Given material —

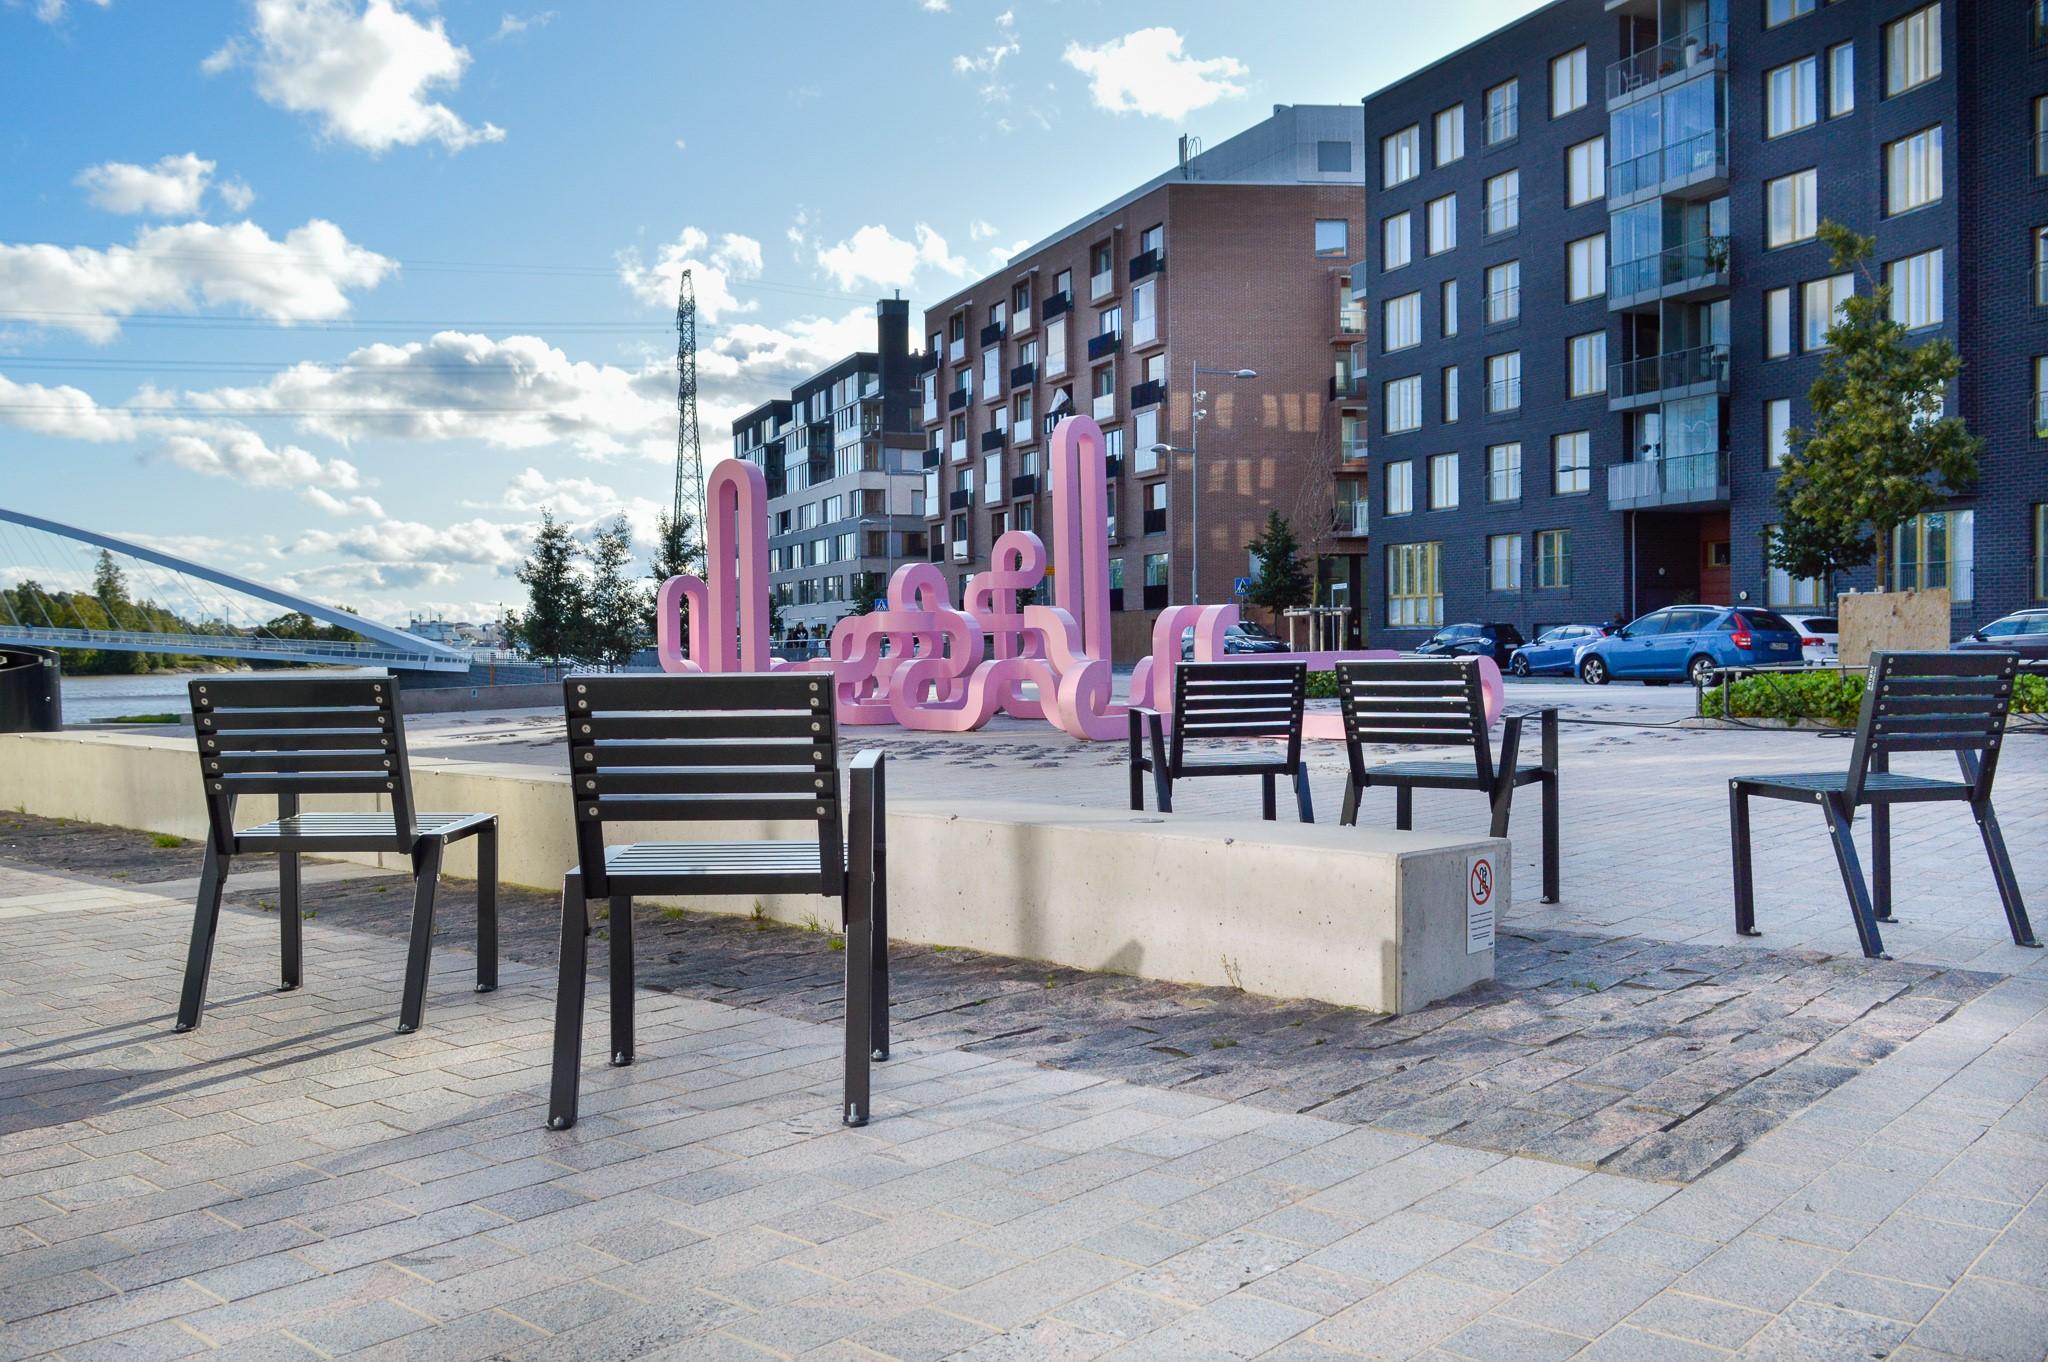 Helsingi linn
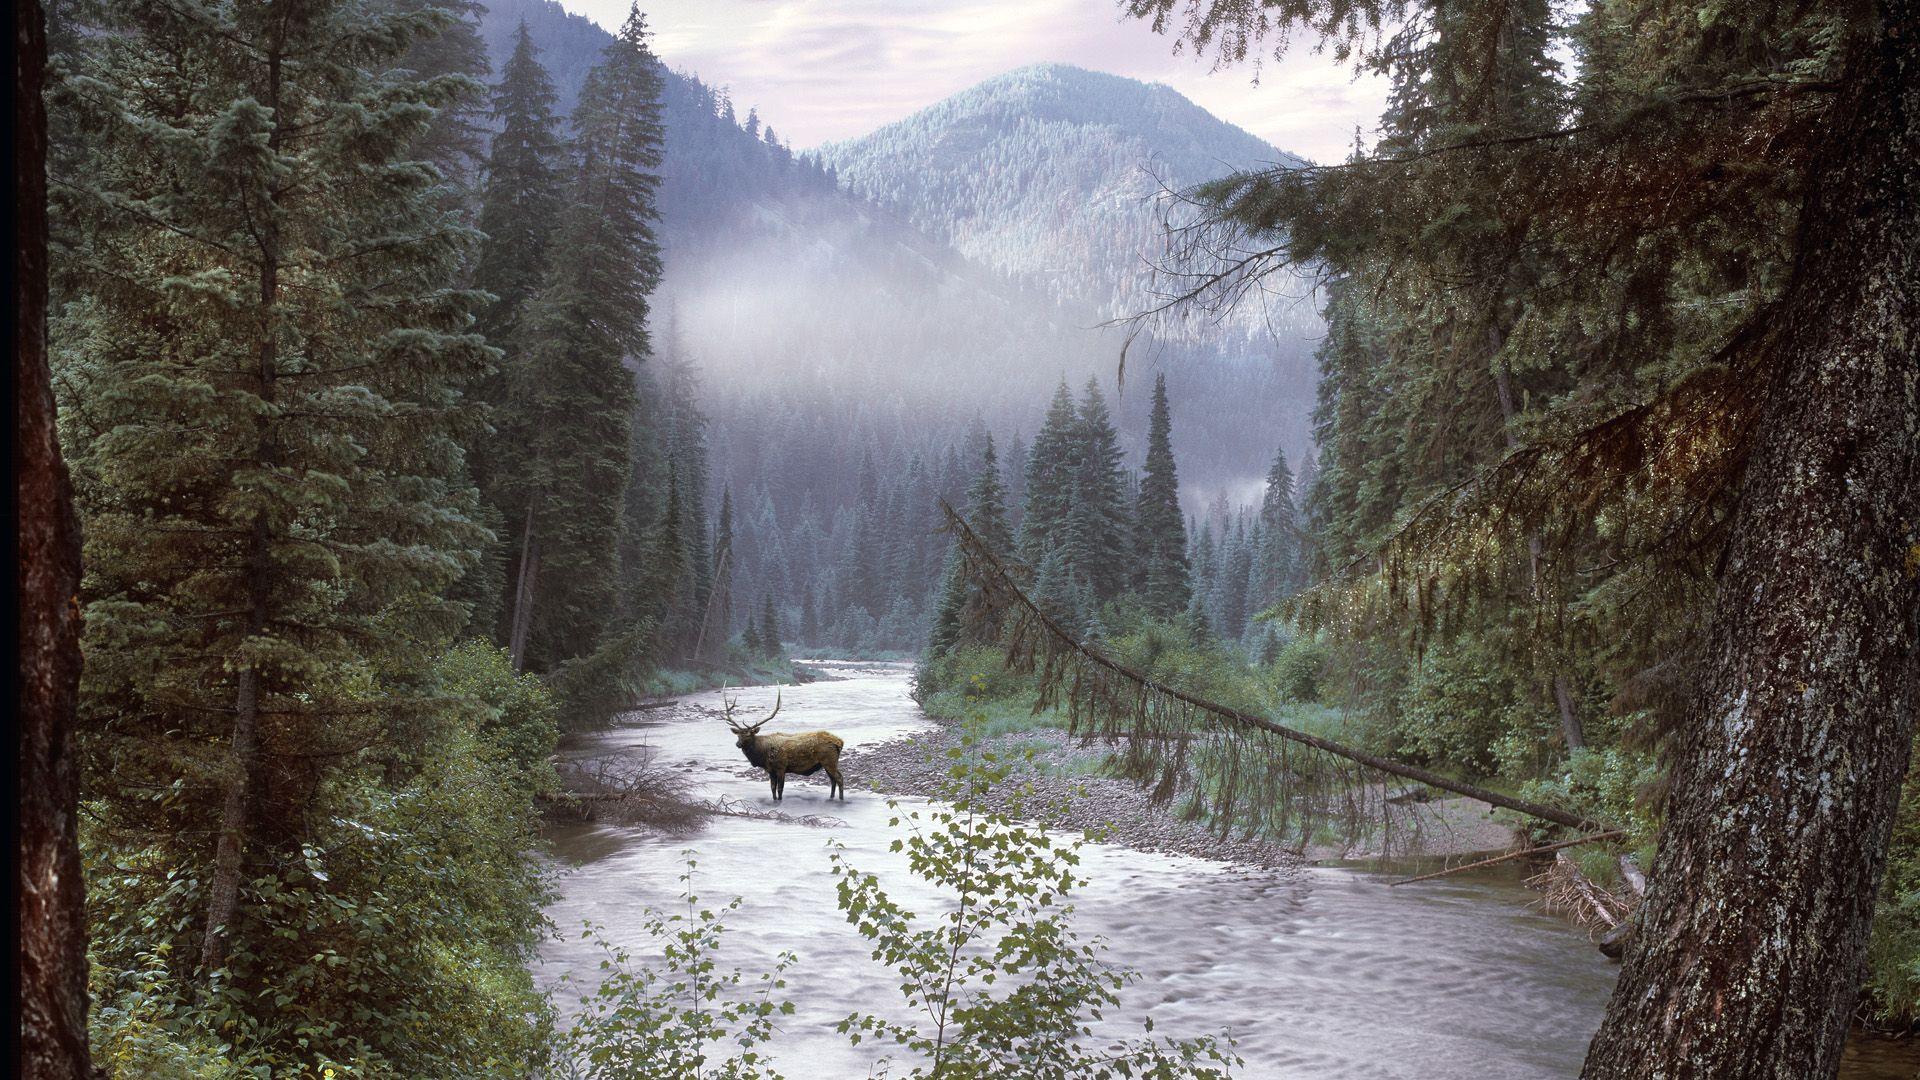 Free Fall Bc Nature Wallpaper Elk Selway Bitterroot Wilderness Idaho Animal Planet
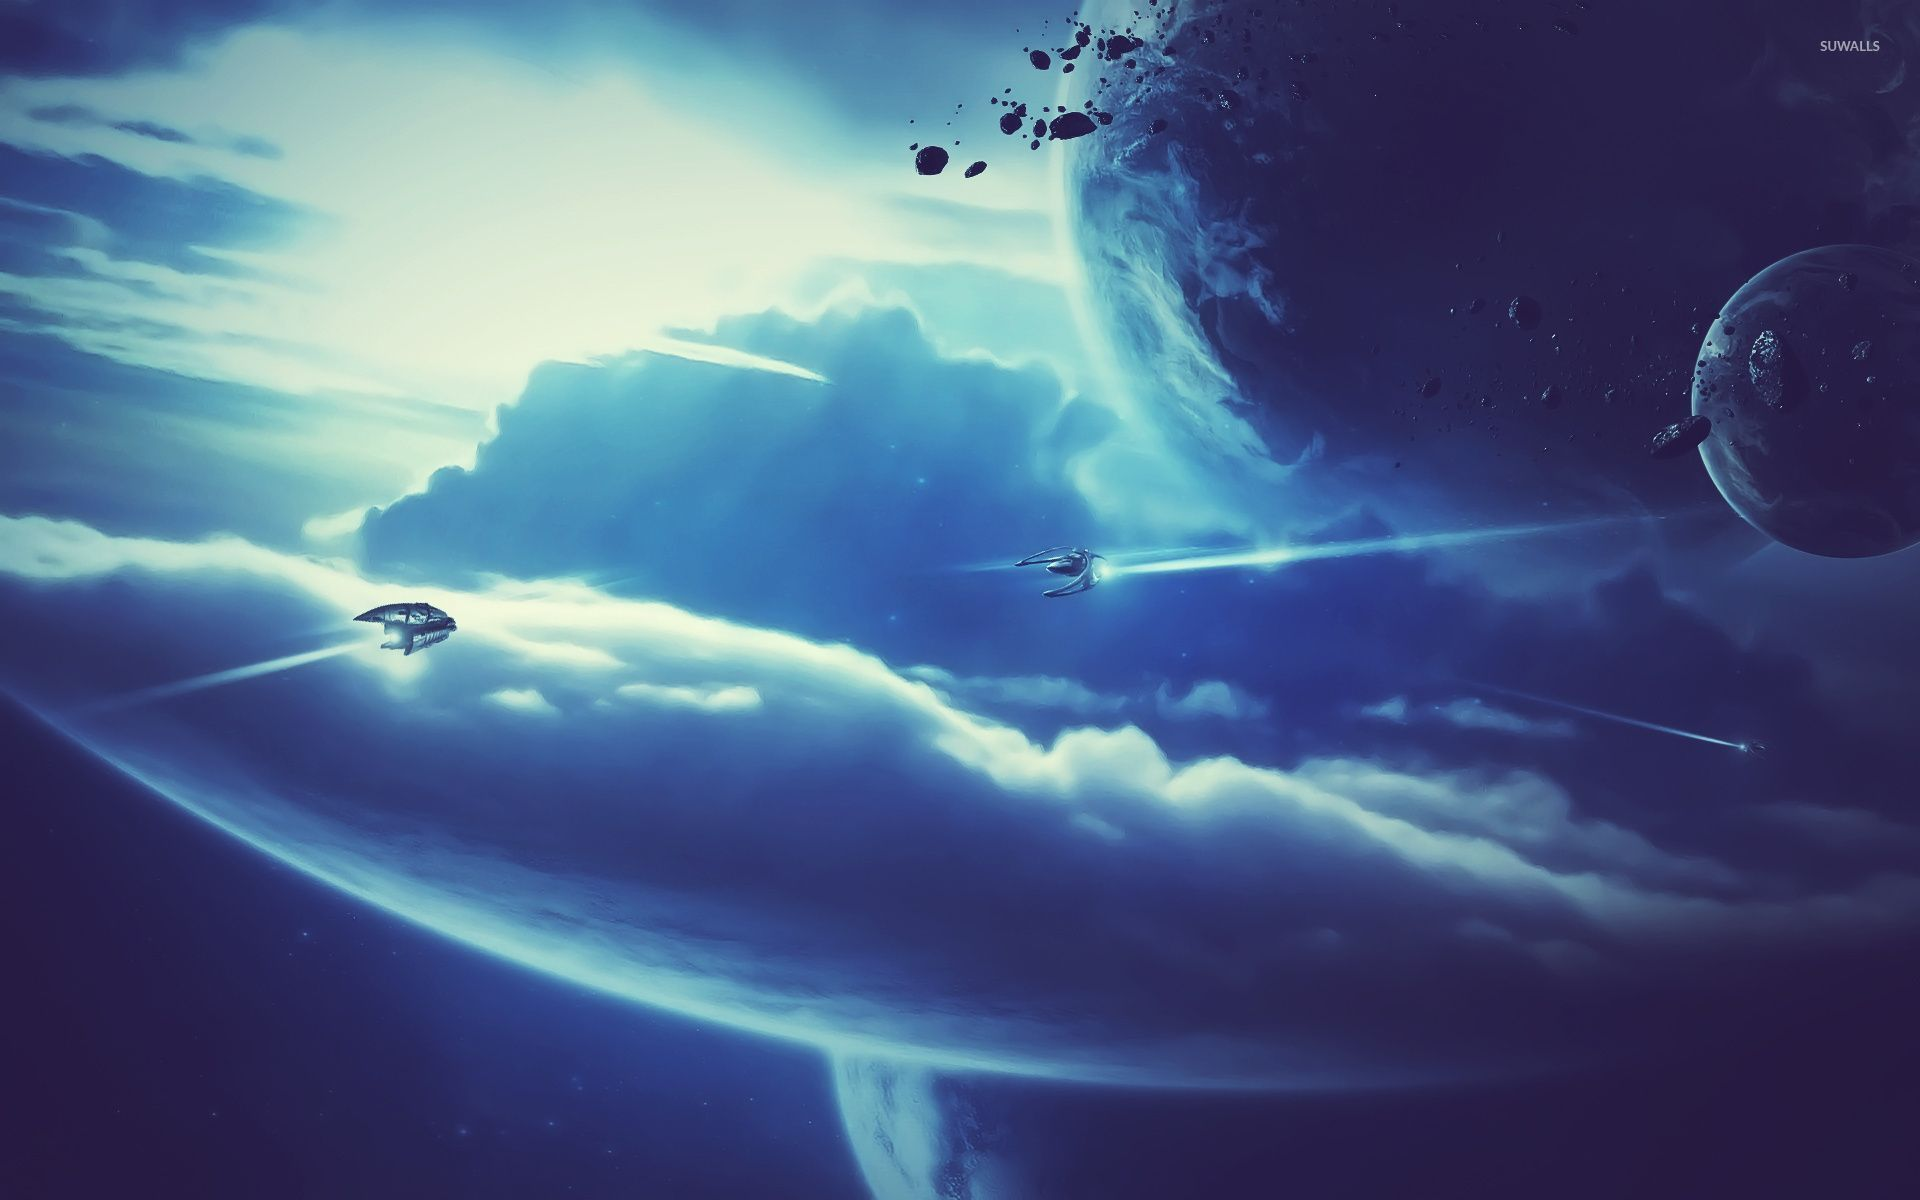 spaceships wallpaper fantasy wallpapers 32838
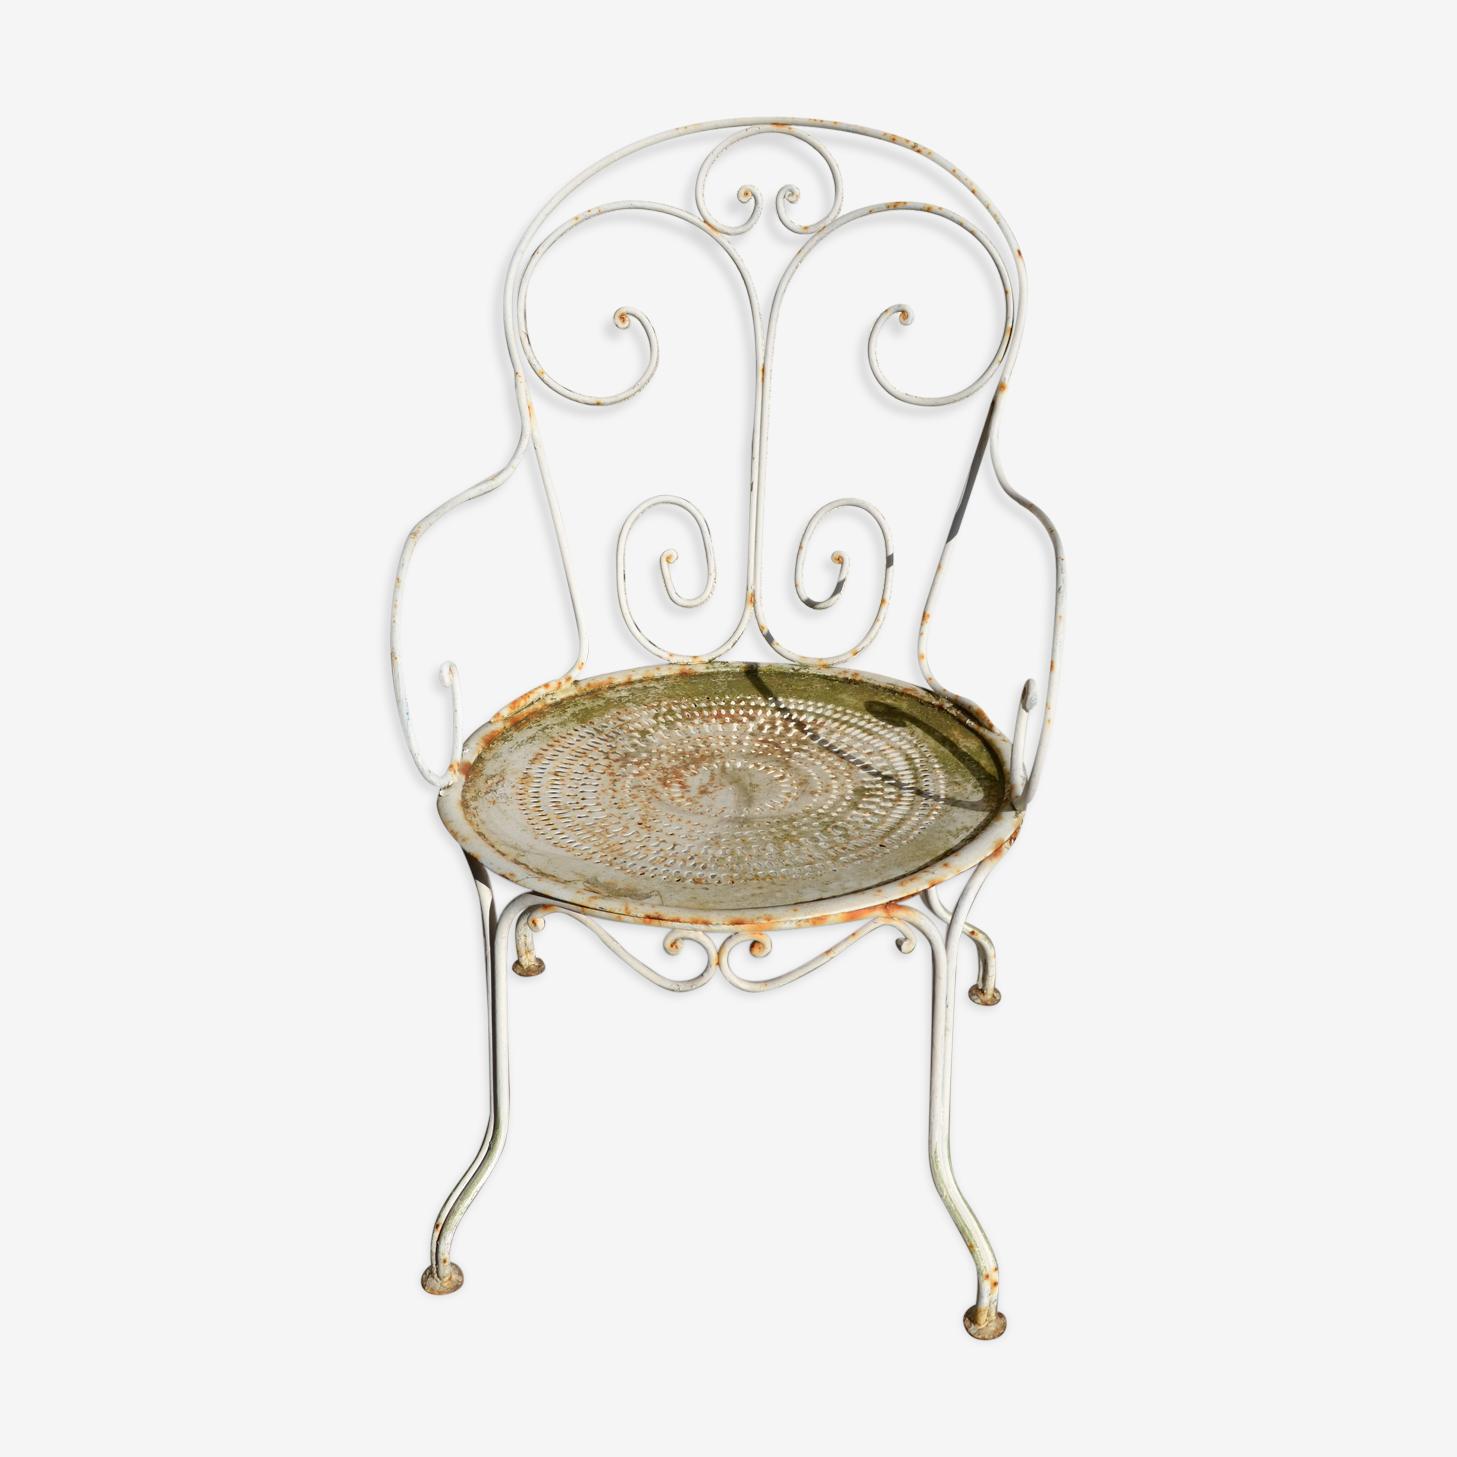 Tin outdoor Chair

What is required —
Give every line above again exactly, with no pictures.

Task solution —
 Helsingi linn
 Free Fall Bc Nature Wallpaper Elk Selway Bitterroot Wilderness Idaho Animal Planet
 spaceships wallpaper fantasy wallpapers 32838
 Tin outdoor Chair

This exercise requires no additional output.